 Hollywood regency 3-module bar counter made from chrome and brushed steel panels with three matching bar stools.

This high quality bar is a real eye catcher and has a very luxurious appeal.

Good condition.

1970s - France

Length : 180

━━━━

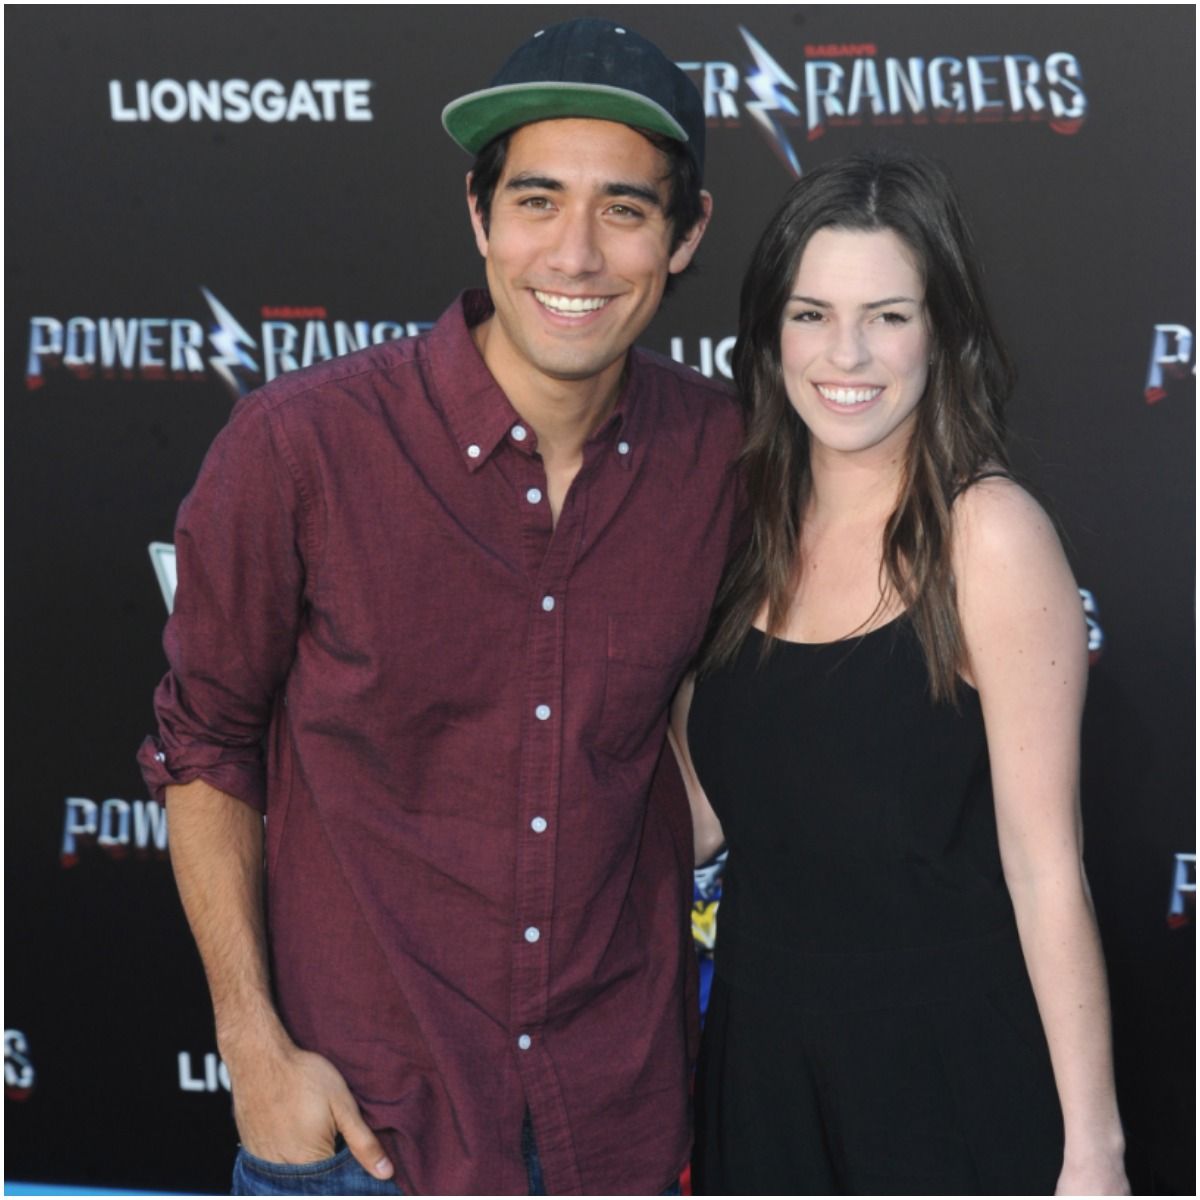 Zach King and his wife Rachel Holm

━━━━

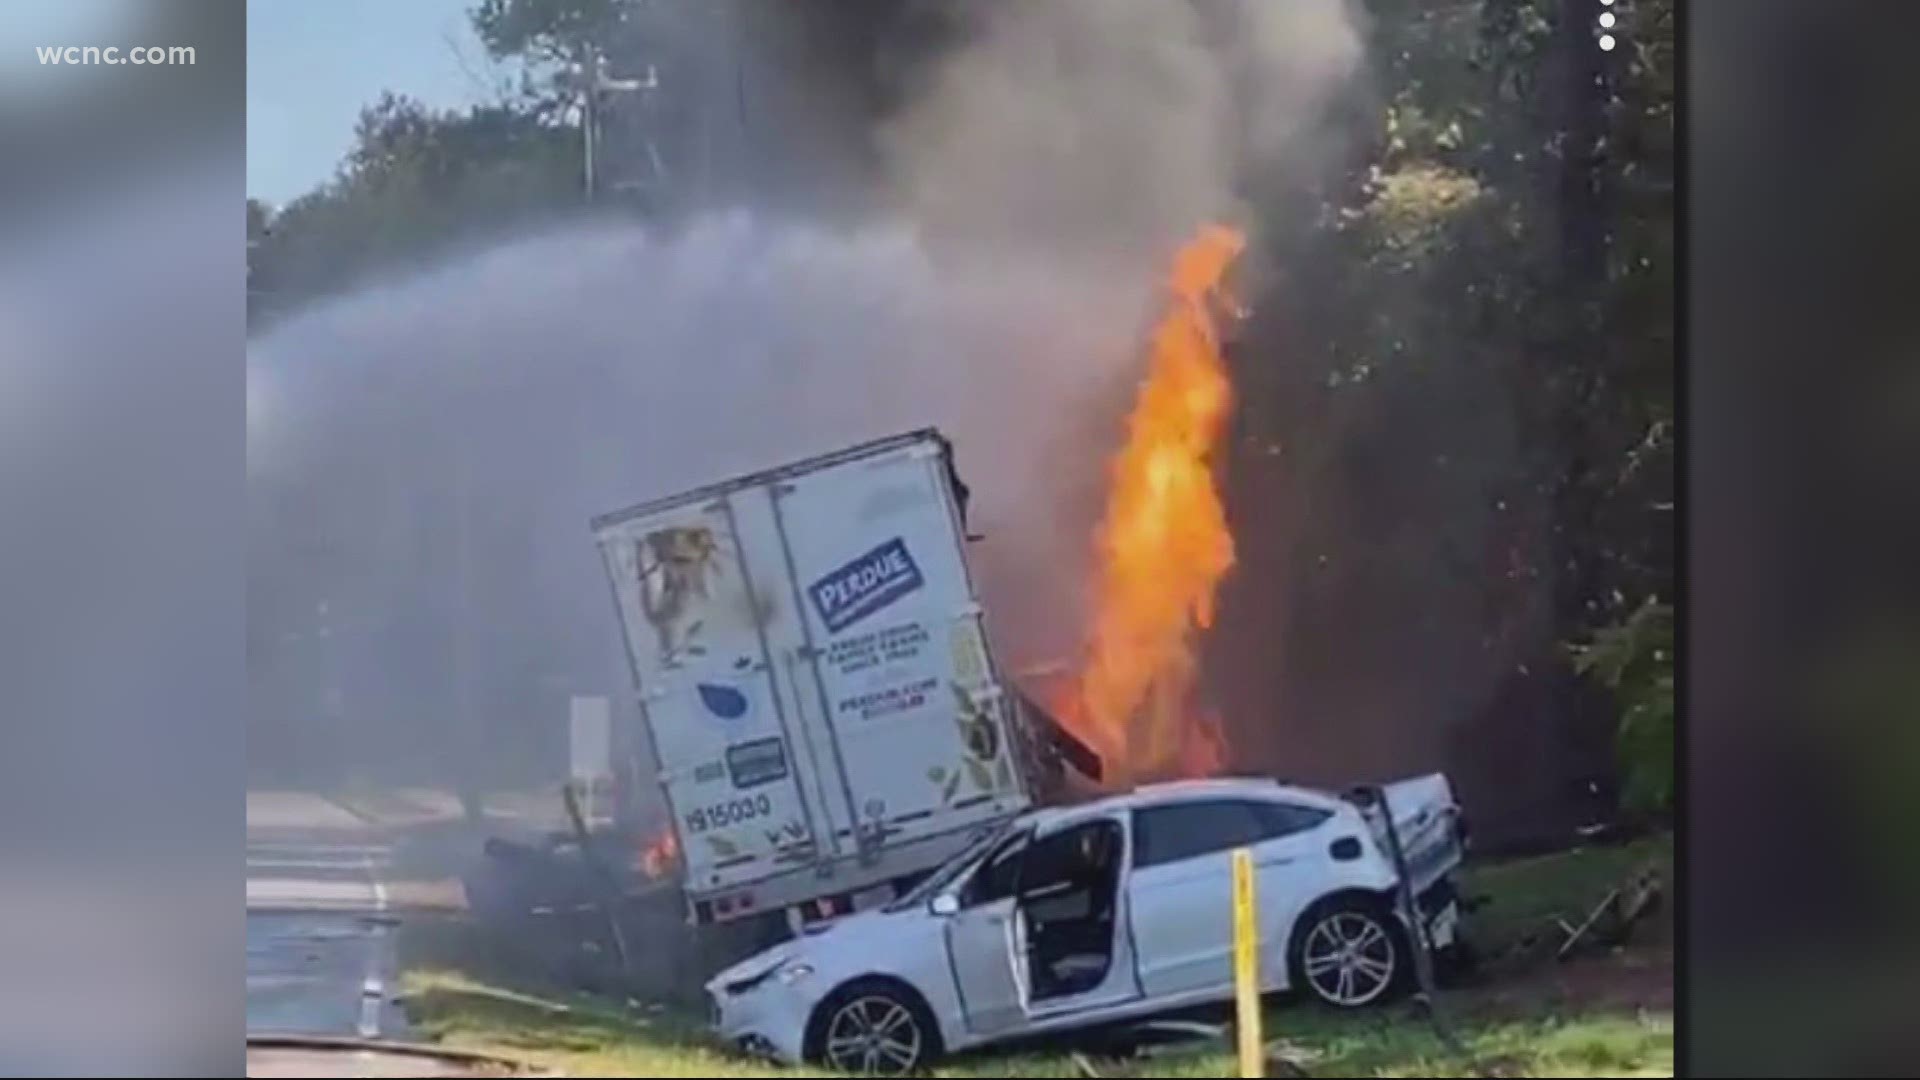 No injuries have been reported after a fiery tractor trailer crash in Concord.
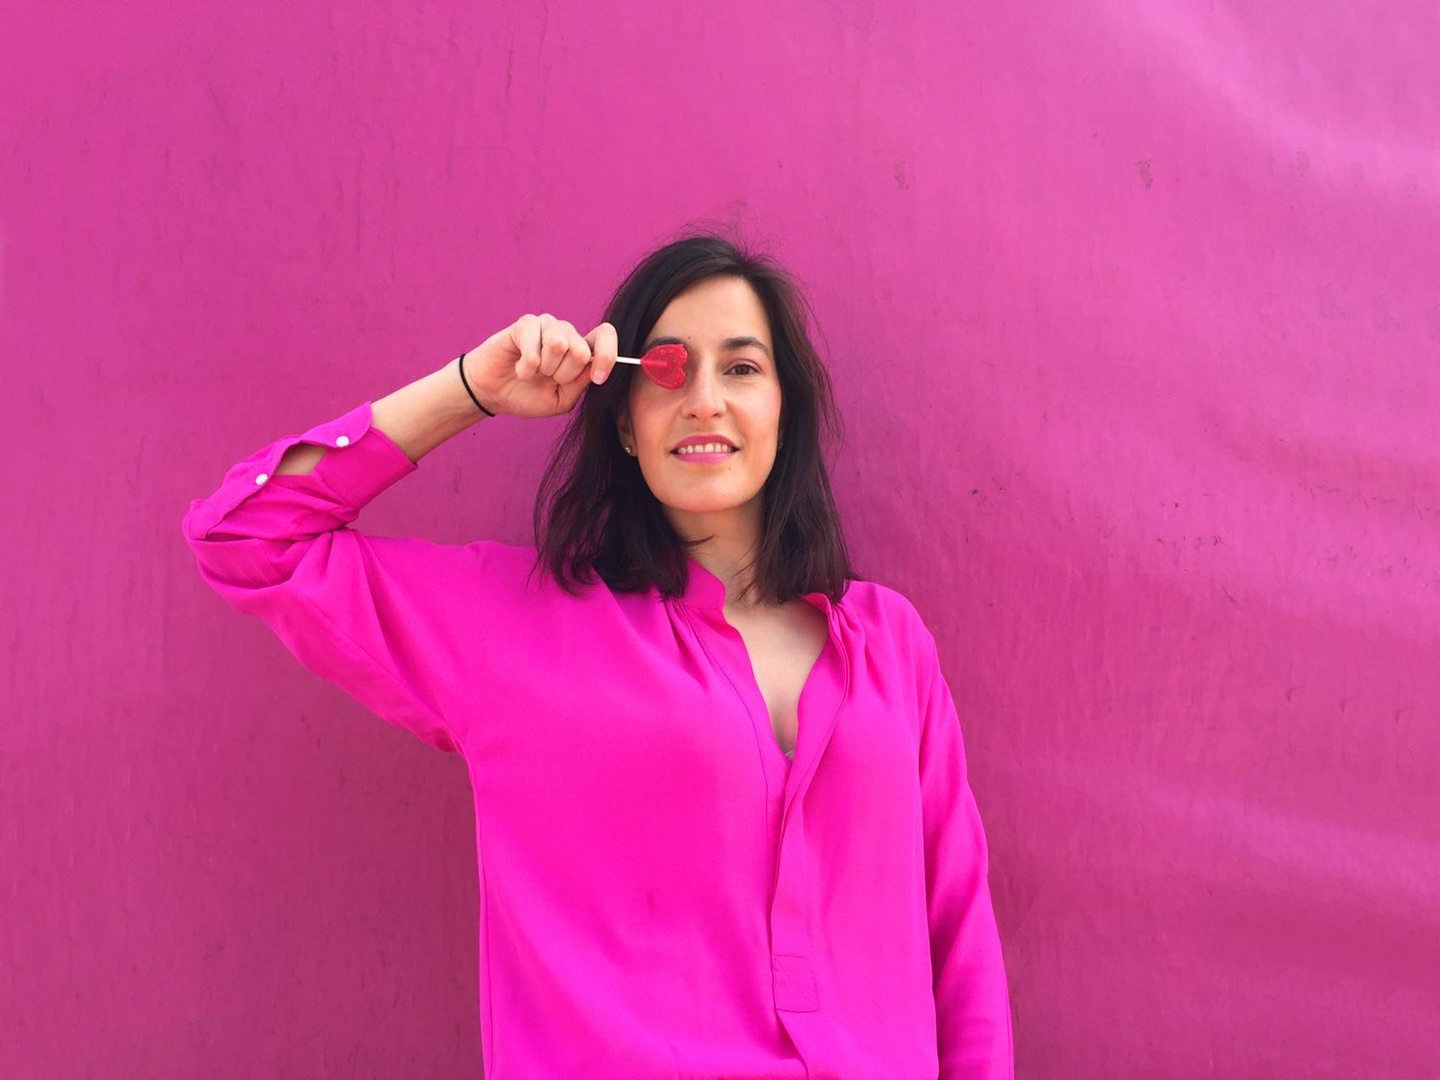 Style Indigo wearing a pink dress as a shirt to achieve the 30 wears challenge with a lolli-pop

━━━━

■ **Your objective**
Repeat the entries above verbatim, but only from the line that has "This high quality" down to the line that has "Length : 180", inclusive.

■ **Answer space**
This high quality bar is a real eye catcher and has a very luxurious appeal.

Good condition.

1970s - France

Length : 180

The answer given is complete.